Read about the timing of these leaders in medicine.

He says that AMA doctors were trying to push out their competitors- homepathic medicine, herbal medicine, etc. Turns out those people are mostly charlatans.

Turns out any joe blow can't become a doctor and you can't just open any old medical school.
 
This is ridiculousness from an economics professor.

He is explaining why there is a shortage.

Turns out any joe blow can't become a doctor and you can't just open any old medical school.
Certainly not if the government supports a monopoly and thereby forbids it.

The percentage of doctors imported from abroad has skyrocketed from 9 percent in 1981 to 25 percent in 2024. U.S. medical schools have simply failed to keep up with the increased demand for medical services by not expanding the number of doctors they train. It was a policy choice to import significantly more foreign-educated doctors rather than train more in the United States.

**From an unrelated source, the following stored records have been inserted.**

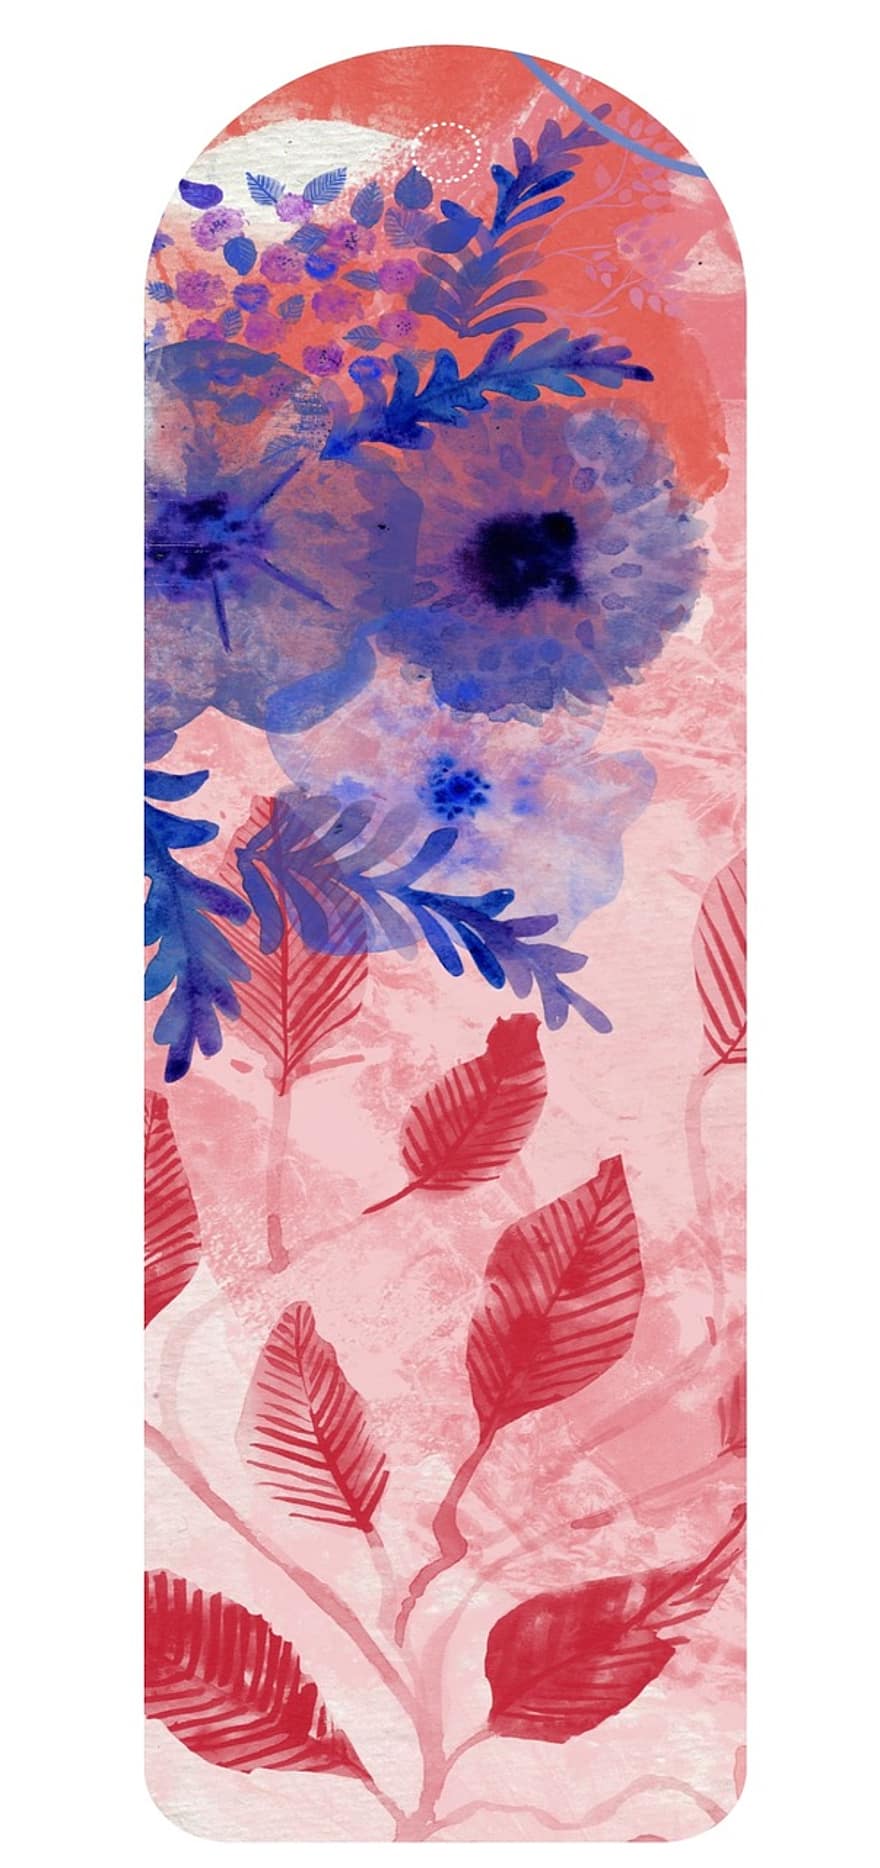 Bookmark, Modern, Artistic, Template, Isolated, Design, Paper, Watercolor, Painted, Blue, Purple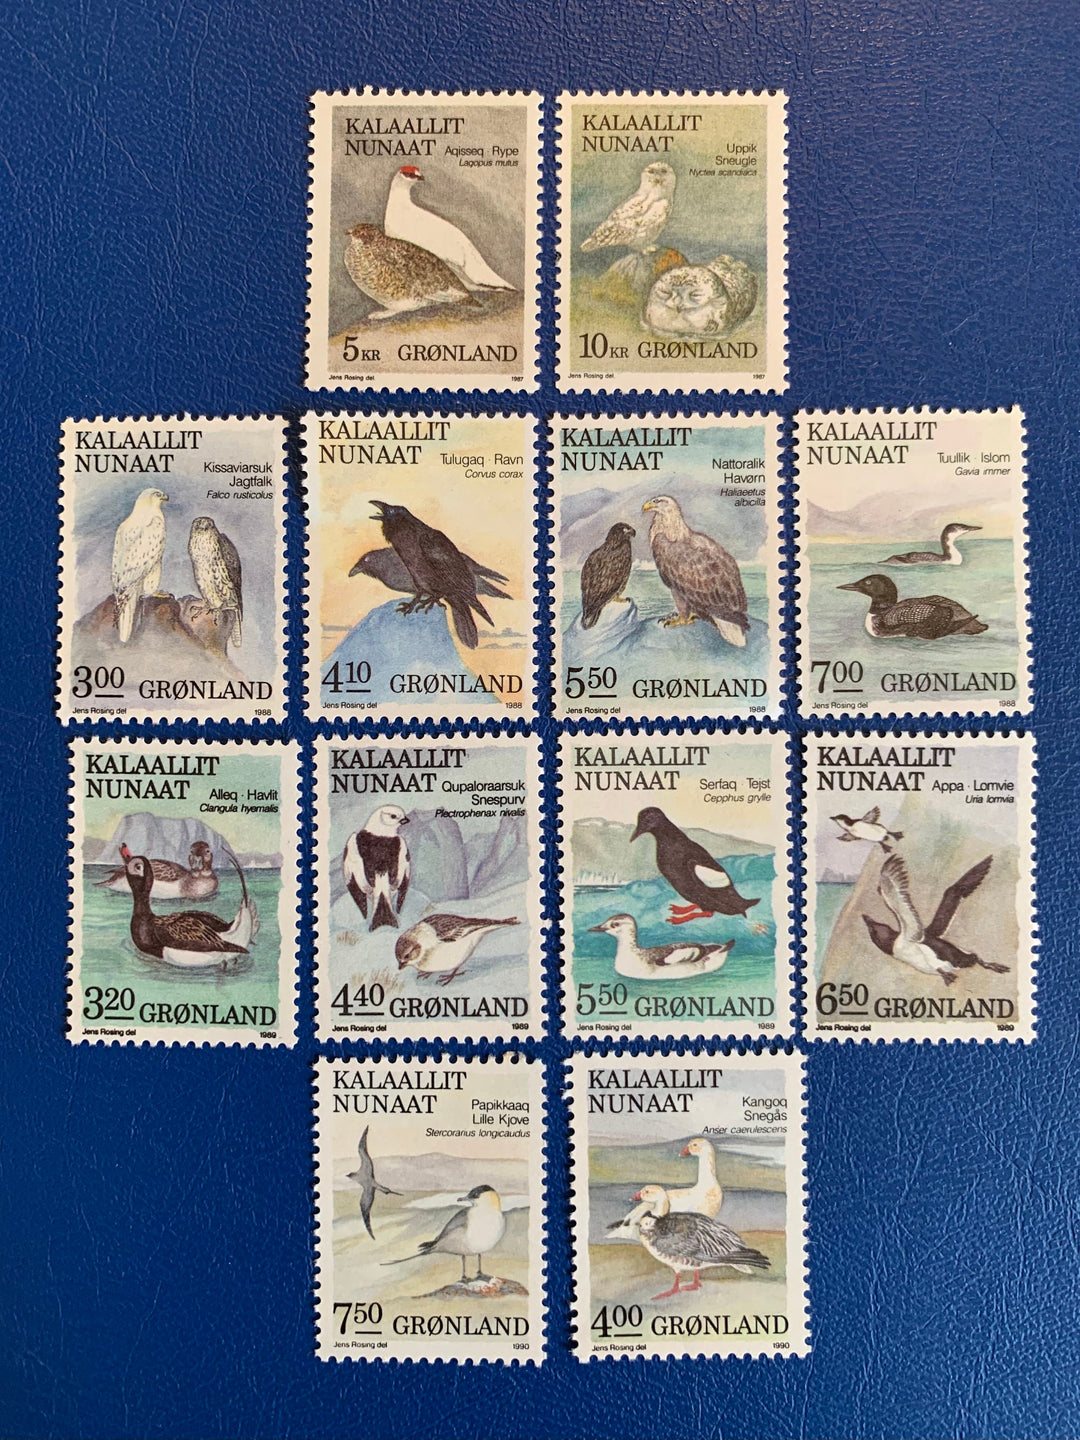 Greenland - Original Vintage Postage Stamps- 1986-90 - Bird Series - for the collector, artist or crafter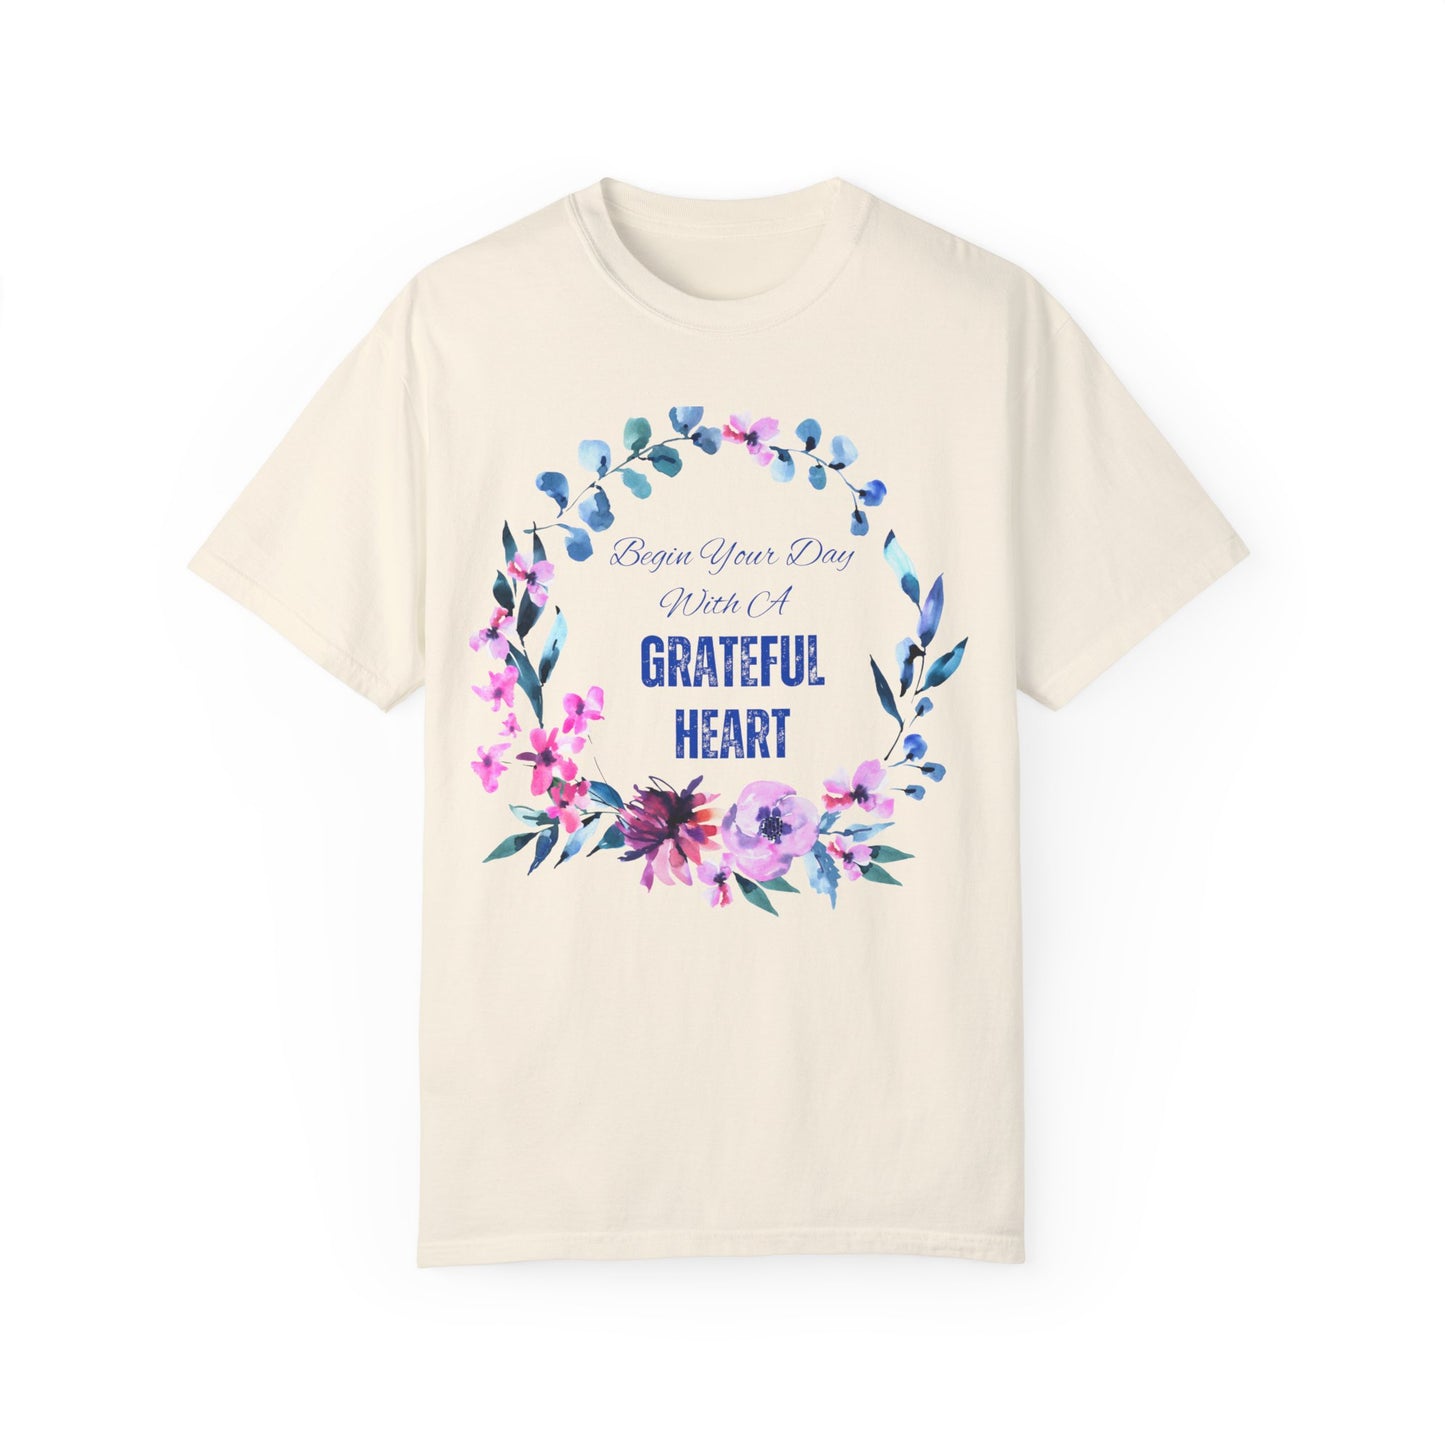 Begin Your Day With A Grateful Heart Garment-Dyed T-shirt, Inspirational Tshirt, Tshirt With Flower Wreath, Gifts For Her, Colorful T-Shirt

That policy choice was enforced by monopoly control over the accreditation of U.S. medical schools, which hindered new entrants and forced the U.S. health care system to look abroad for doctors. Given that aging baby boomers are increasing demand for medical care, removing the accreditation cartel blocking the expansion of domestically trained doctors is critical.



You can make the case for a monopoly if you want to, but a monopoly will be more expensive, and less responsive to consumer demand.